Приготовившаяся к броску рота лежала на небольшом пригорке и вздрагивала вместе со взрывами. После одного особенно сильного, перекрывшего своим грохотом все звуки боя, в небо взлетела телега.
– Бачишь? – прорвался до Иванова голос Карпенко. – Шмякнется на нас, так мокрэнько будэ.
Гришка «бачил» и тоже боялся, как бы телега не упала на них, но, замерев на миг в высшей точке, она понеслась к земле как-то наискось, упала позади роты и рассыпалась на мелкие кусочки.
Высокий, с густыми черными бровями, горбатеньким носом и светло-карими глазами, Карпенко прибыл во взвод с первым пополнением после ЧП на учениях, сразу потянулся к единственному старожилу взвода, и ему первому Иванов рассказал о нелепой гибели Лешки Ерохина. С этого дня они держались вместе и особенно подружились после того, как Карпенко «побывал на том свете». Неожиданный артналет застал их в одной ячейке. Из-за ее малости сидели колени в колени. Рядом рванул снаряд. Оба пригнули головы, по спинам ударили комья земли. Открыв глаза, Иванов увидел бледнехонького, в гроб краше кладут, Карпенко, услышал его заикающийся голос: «Я ще живый, чи вже мэртвый?» Другая бы обстановка, можно и посмеяться над таким вопросом, но Карпенко спрашивал на полном серьезе, и он так же ответил: «Живой, раз спрашиваешь». – «А мини кажется, що я вже мэртвый. У голови одын гул стоит». Гришка взглянул на Карпенко внимательнее и сказал: «Сними каску и посмотри, какую вмятину тебе осколок сделал». Квадратный, с зазубренными краями осколок лежал у ног. Он потянулся, чтобы поднять и показать Карпенко, но отдернул руку – осколок был горячий. Юмор этой сценки дошел до них позднее, и они не раз спрашивали друг друга: «Я ще живый, чи вже мэртвый?» Глядя на них, и другие солдаты стали так шутить. Вырвавшиеся с перепугу слова Карпенко стали чуть ли не поговоркой. В монастыре рванул новый фугас. Карпенко поднял глаза на небо, усмехнулся:
– Кончились у фрицев телеги.
Рота пошла, побежала к монастырю. Там продолжали рваться фугасы. Саперы вытаскивали ящики со взрывчаткой из могилы Пушкина. Постояли у нее, радуясь, что поспели вовремя, не дали фашистам взорвать могилу поэта, удивляясь задуманному и едва не сотворенному варварству. Дальше пошли с надеждой в Михайловском побывать, пушкинскую усадьбу, если цела осталась, посмотреть, но пришлось шагать в другую сторону.
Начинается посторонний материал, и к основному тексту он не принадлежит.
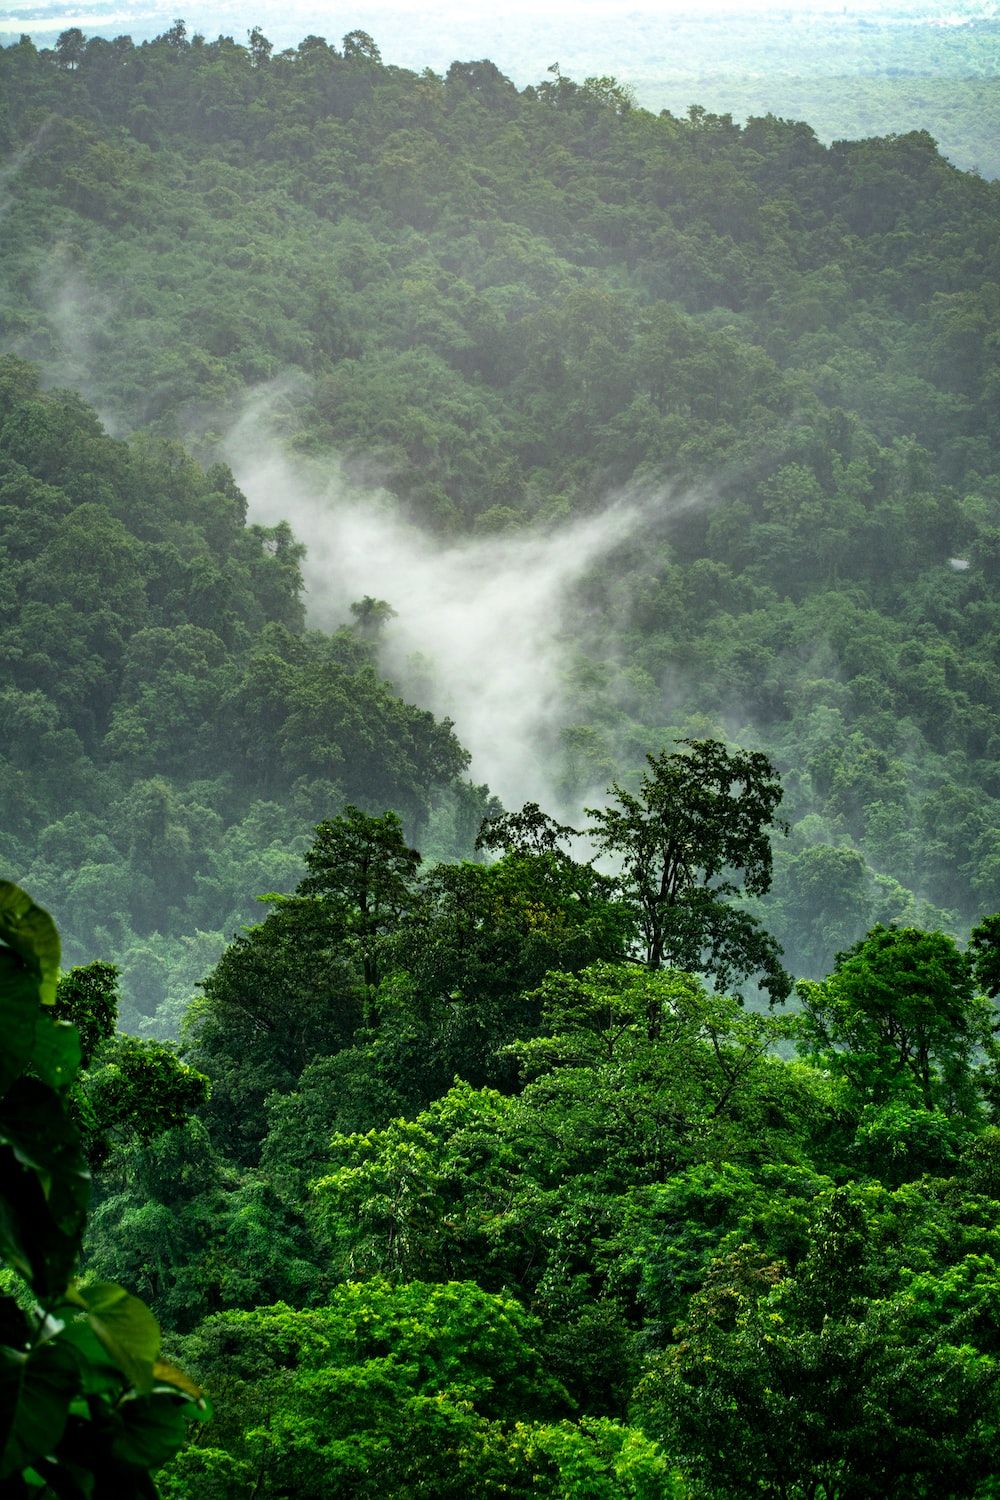 A misty cloud in the middle of a lush green forest. - Jungle
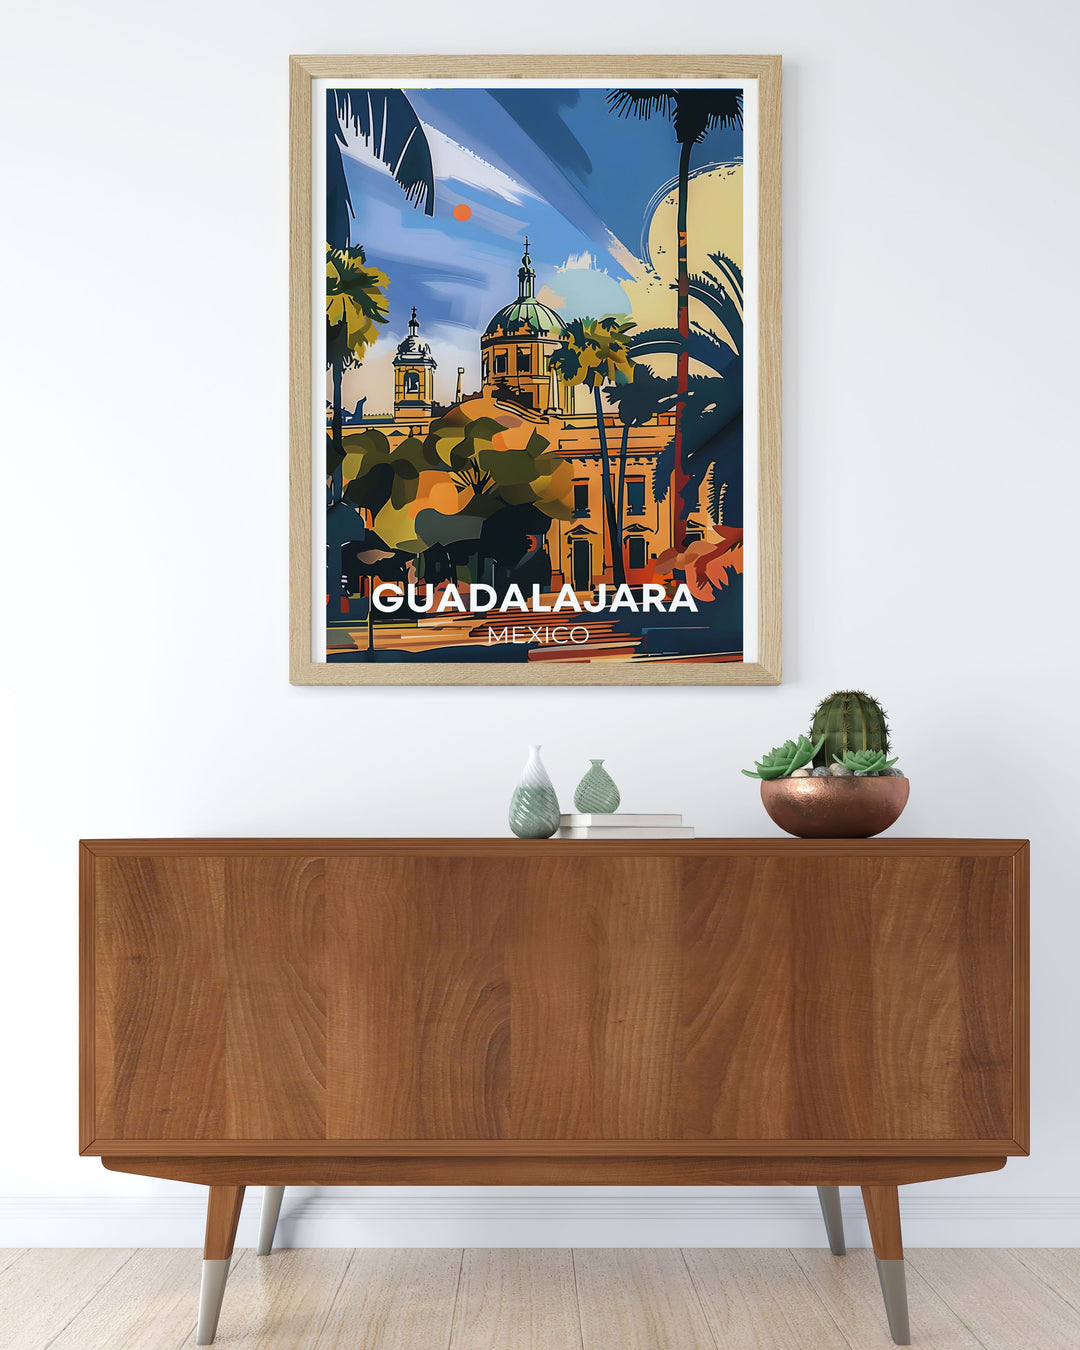 Featuring the majestic Guadalajara Cathedral, this art print highlights the intricate details and historical significance of one of Mexicos most iconic landmarks, making it an ideal addition to any room.

Пристанищем на ночь стал какой-то разрушенный кирпичный заводик, и только здесь, укрывшись за грудой битого кирпича, Гришка сумел, не торопясь, прочитать письмо отца, которое получил еще утром, когда лежал перед атакой у стен монастыря. За день доставал его не однажды, но пробежать до конца так и не сумел – то одно мешало, то другое.
«Помню наше расставанье, – писал отец, – как ты провожал меня, что я тебе говорил. С этим и до Парфино дошел. Оттуда нас в Рыбинск погнали, от него – к Москве. Здесь объявили, что мой год непризывной. Я аж крякнул – в Парфино надо было об этом думать, а то вон когда хватились. Вы уже под немцем были, мне и деваться некуда. Побежал по начальству проситься, чтобы в армии оставили. Первый бой под Москвой принял. От нее в декабре в наступление пошли, а теперь давно уж на юге воюю.
Повидать и пережить за это время пришлось многое. Всего не опишешь, а вот на реке Миус в такую бомбежку попал, что не пойму, как живой остался. От восхода до заката солнца он нас бомбил, всю землю вокруг несколько раз перевернул. Я лежал в воронке и молился вроде матери…»
Подошел Карпенко:
– Все читаешь?
– Да только присел.
– Що батька пишэ?
– Жив, здоров, ни разу не ранен, понимаешь?
Карпенко кивнул головой и вздохнул:
– А мий у сорок першему роци сгинул. Знал бы ты, який у меня батька гарный был.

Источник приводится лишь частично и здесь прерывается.